Hello and welcome to WIRTB Review, the review segment created to (sometimes chronologically) critique pay-per-views (and more) and determine were they really as bad as advertised. Now that the OSW Review riff's out the way, let's get into it. The WWF has a habit of revisiting storylines in an effort to make them "fresh." For instance, Vince vs. Stone Cold became Daniel Bryan vs. Triple H. The WCW Invasion became the ECW Invasion and the NXT/Nexus Invasion. But, that's wrestling in general (see the multiple nWo offshoots and reboots).

However, one thing that should always be left entirely the fuck alone is impostor angles. It's hokey and makes people's belief-suspension capabilities go kaput. But, the WWE has done several of these. Two of which we're going to talk about today.

First, let's look at Taker vs. Taker. We go all the way back to 1994 where Undertaker was, apparently, the WWF version of Jesus Christ. Seriously, go look it up or look at Taker's "ascension" to the heavens.

I know that we, as wrestling fans, are asked to suspend reality a lot. But, for fuck's sake! When your angle starts off with someone being WWF Jesus (and this is even before Taker's obsession with crucifying people), you're in for some stupidity. As time went on (and Taker legit recovered from an injury), Ted DiBiase (the guy who originally introduced Taker back in 1990), never the guy to shy away from money, introduced a NEW Undertaker.

Brian Lee, a man who's at least three inches shorter than The Undertaker.

After some back and forths, we're given a match at SummerSlam 1994 to determine the "real" Undertaker. This match was built up as being a battle of giants. A big fucking deal. And what does WWE do for us, the loving fans--and The "Underfaker?"

We get an eight-minute match where Taker delivers several Tombstone Piledrivers and wins the match. That's pretty much all that happened. Now remember: this match was the main event of SummerSlam 1994. Over Bret vs. Owen for the championship. Y'know, the match that was a five-star match?!

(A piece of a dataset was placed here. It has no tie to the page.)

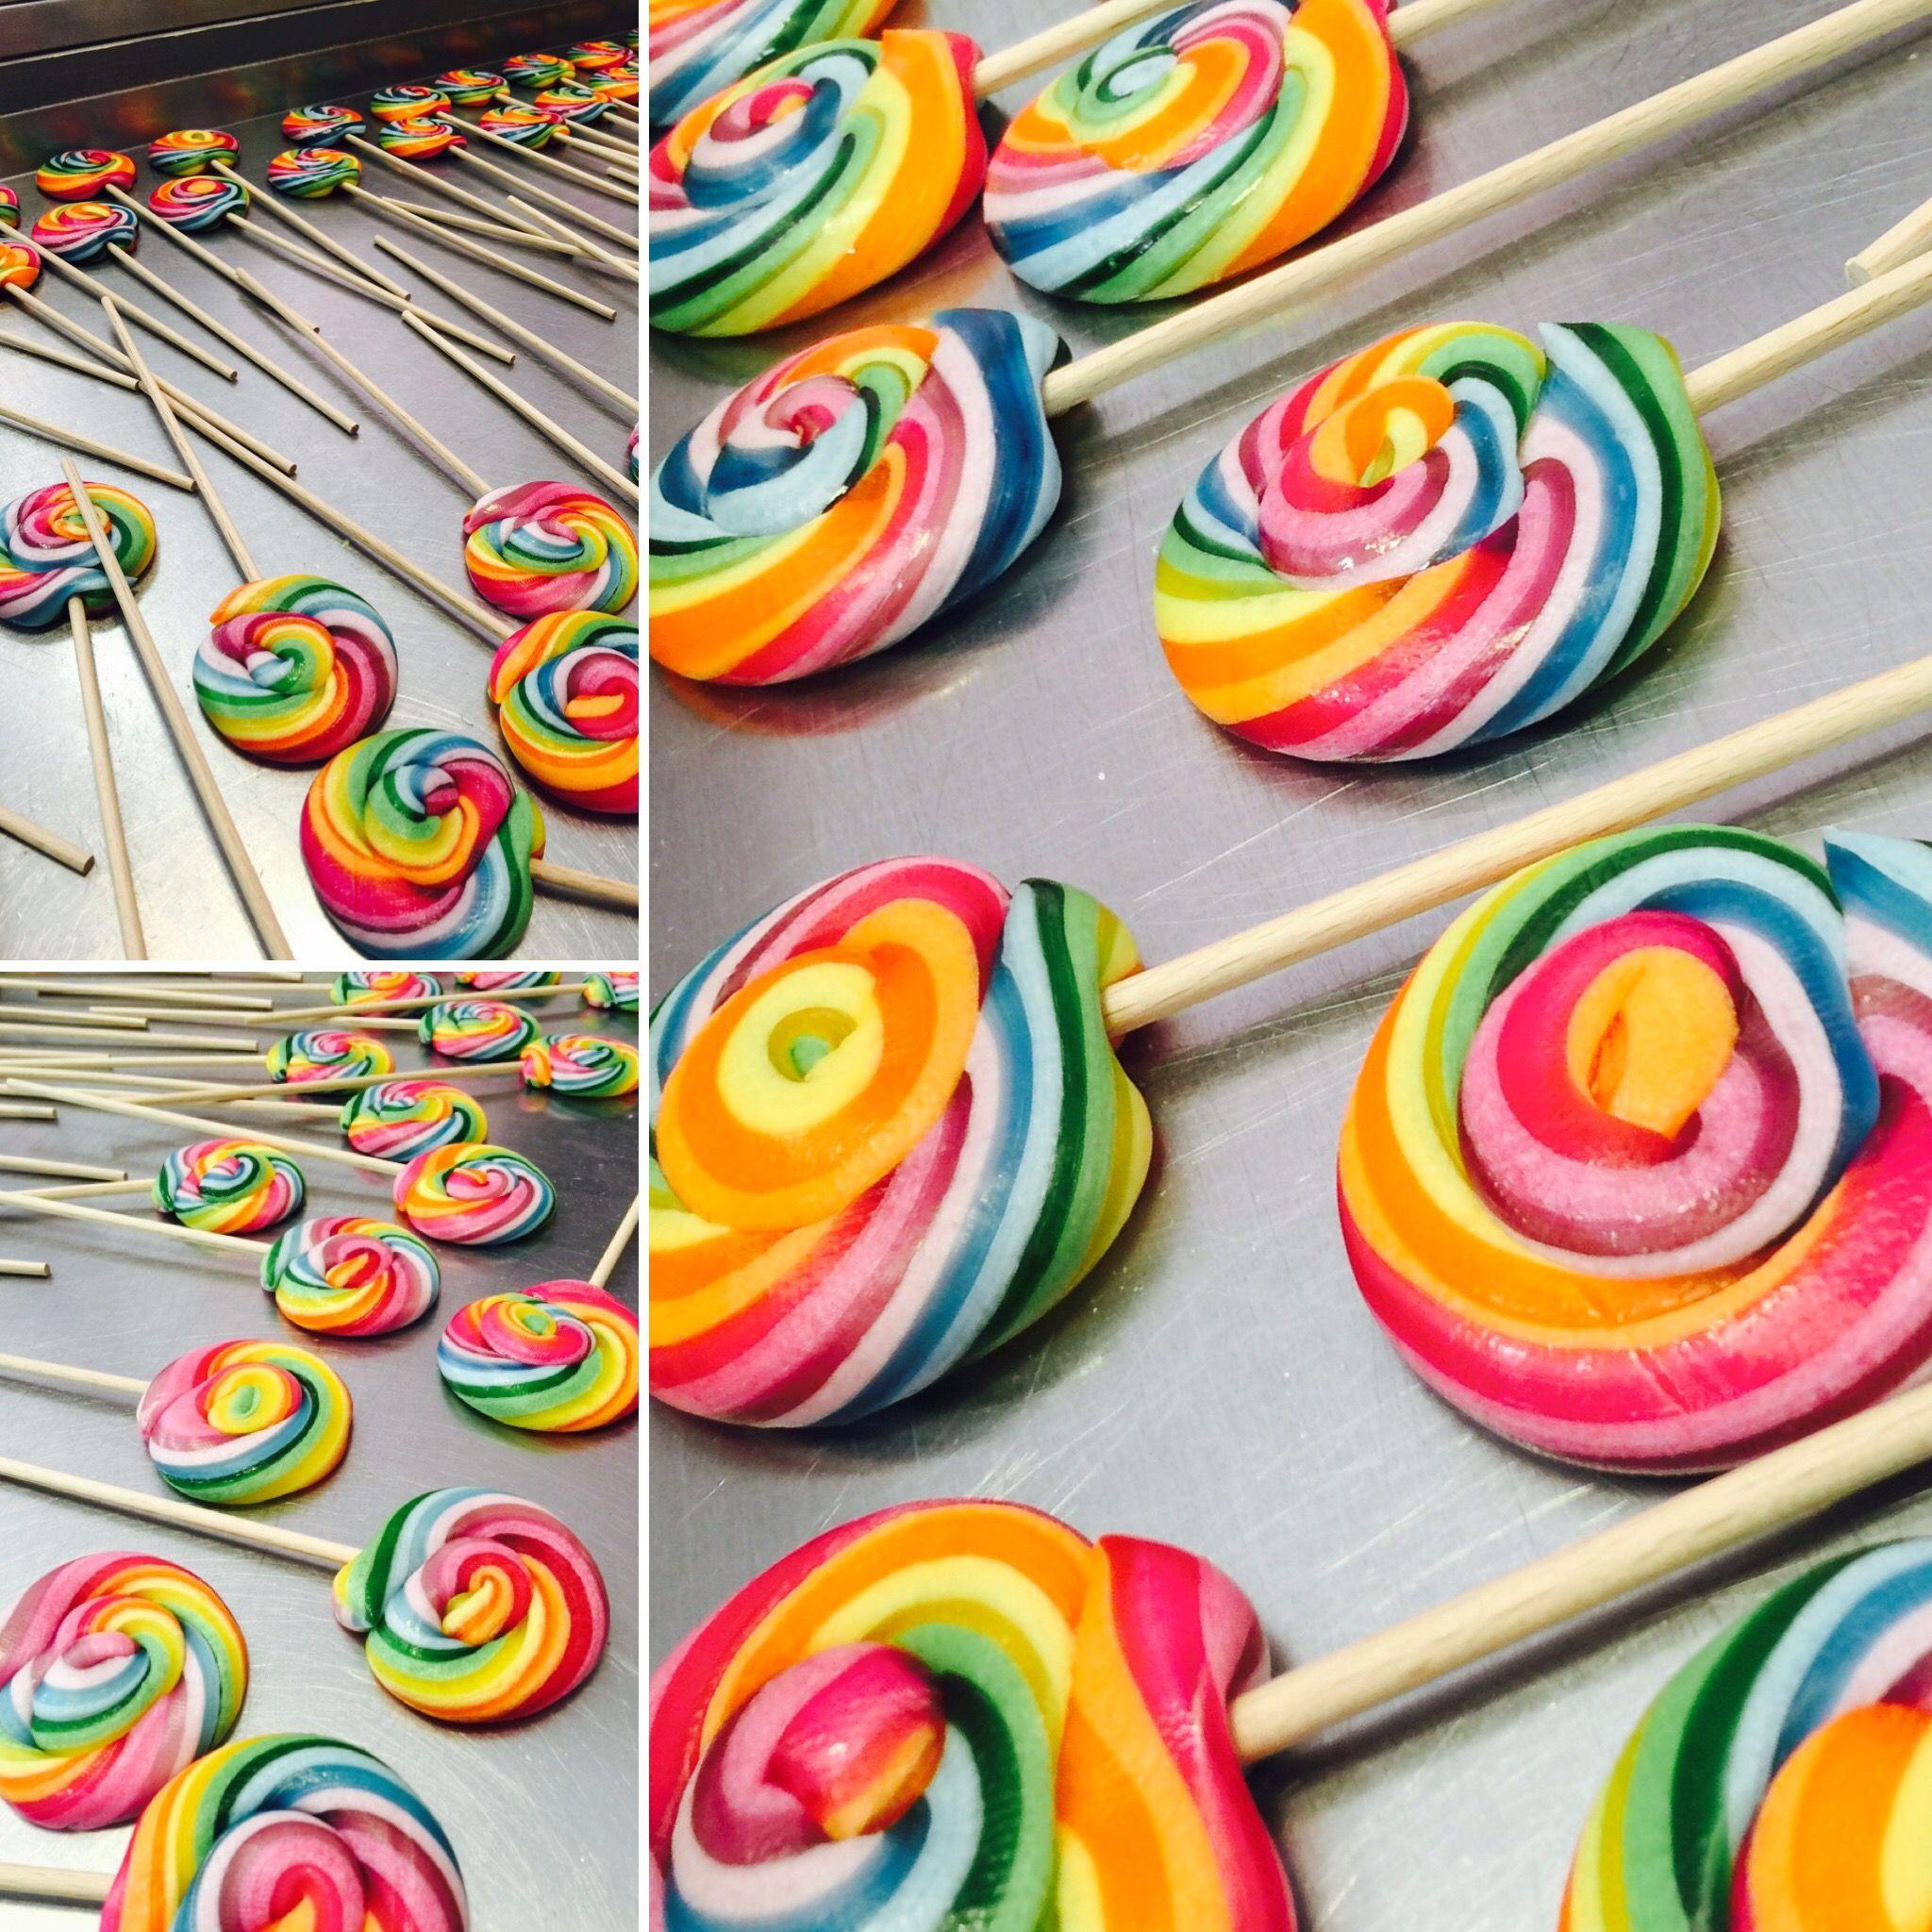 Pin by Olimpia JakubczakChoma on Cukier Lukier sweets

Fast forward about twelve years, and we get a similar dose of stupidity.

Kane, in 2006, was slated to appear in the movie See No Evil. As part of this angle, Kane went around going batshit crazy on anyone who mentioned "May 19th." There was additional backstory added to Kane's character--but, if WWE doesn't care, you shouldn't either, most the time, I guess. I mean, with Kane, he's almost always retconned anyway. So, who gives a shit?

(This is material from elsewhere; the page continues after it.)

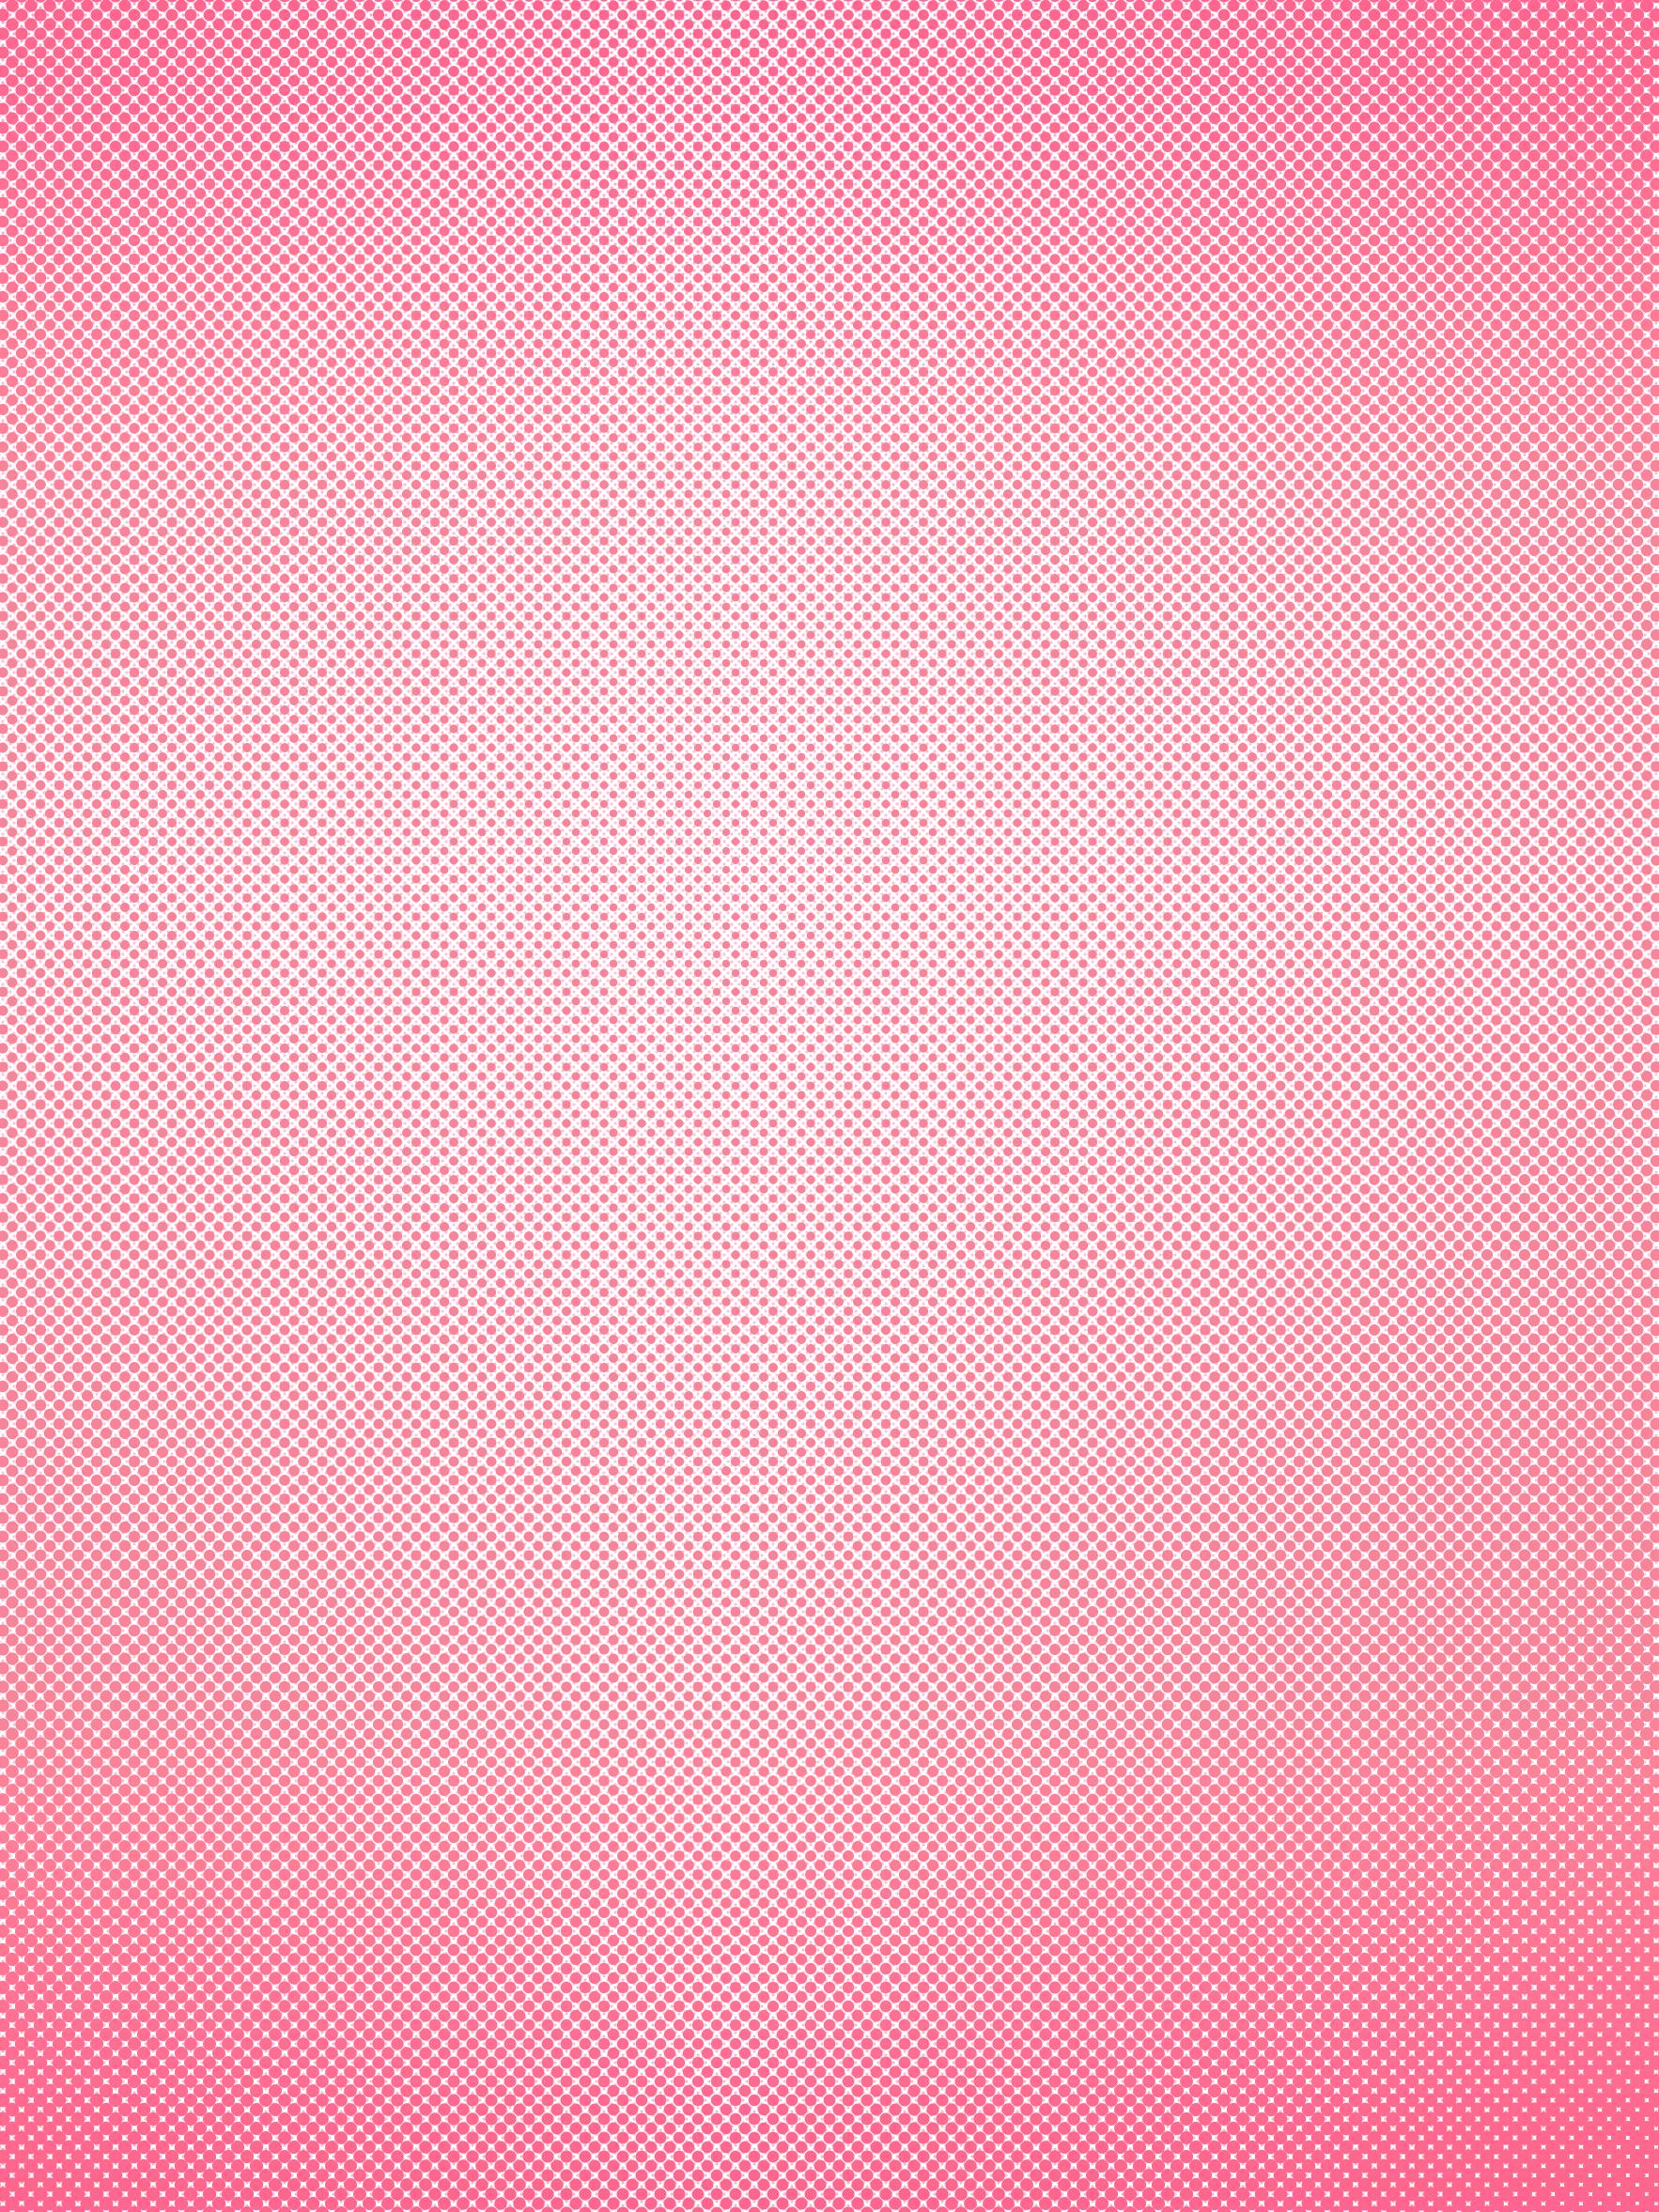 全iphone Ipad対応ドット壁紙 トーン ピンク Pink Tone Wallpaper

Around the end of May 2006, an "impostor Kane" appeared and chokeslammed real Kane.

They brawled with each other. This is possibly because "impostor Kane" was the "manifestation of Kane's broken psyche" or something. It could also be just because reasons and WWE wants to take up valuable time with nothing-ass feuds that make no logical sense. Eventually, after Vengeance--and impostor Kane's win--Kane Kane ripped his mask off the impostor and tossed him out the arena, thus ending the feud with no real payoff. And who was Impostor Kane, you ask?

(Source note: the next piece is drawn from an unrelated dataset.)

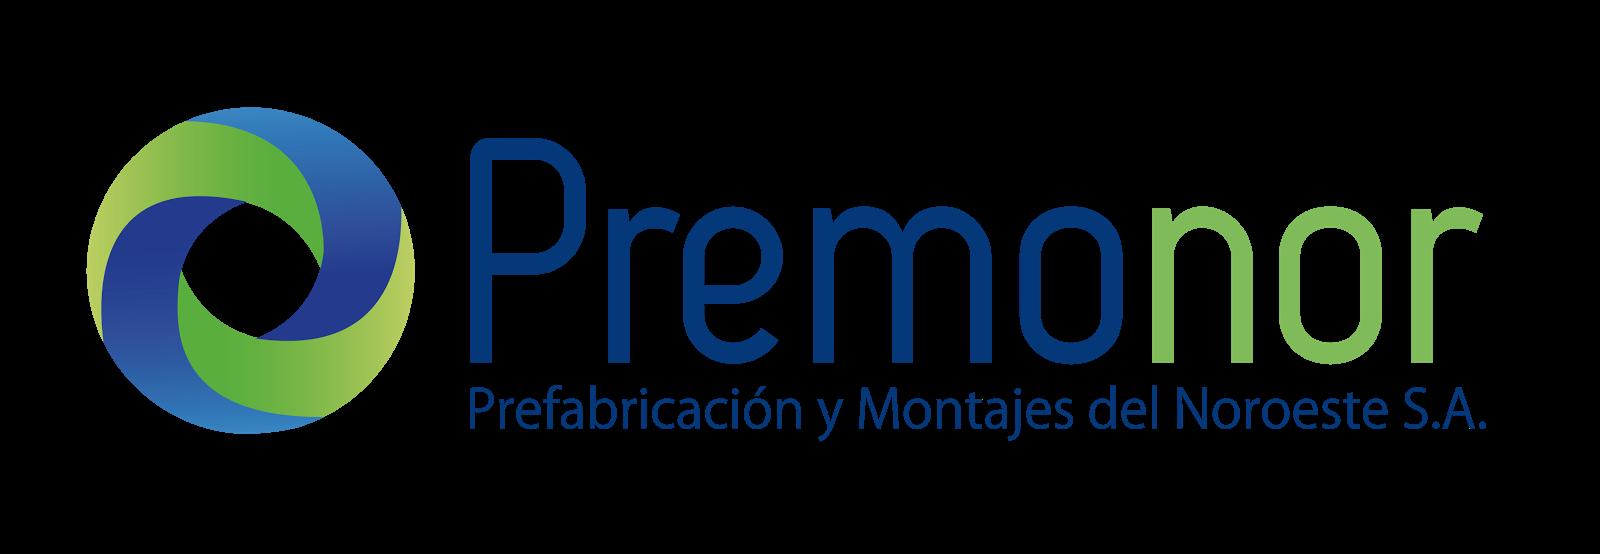 Premonor

It was Doc Gallows. Doc fuckin' Gallows. Doc has nothing in common with Kane other than the fact that they can both do a chokeslam. Gallows' wig looked like someone gathered up all the pubes from a porno set, glued them together, and stuffed it inside the Kane mask in a last-ditch effort to relive the Attitude Era.

But, from this, Gallows got more training time in OVW and then returned as Festus, the GAWD gimmick (even though, it's pretty much a riff on Of Mice and Men meets PTSD triggers). Out of Jesse and Festus, we at least got some fun moments in that weird transitional phase between Ruthless Aggression and full-on "PG." We also got the GOAT theme of "Biscuits and Gravy."


From Impostor Kane, we just got confusion and horribly worked matches. Oh, and pube wigs. Fuck this shit.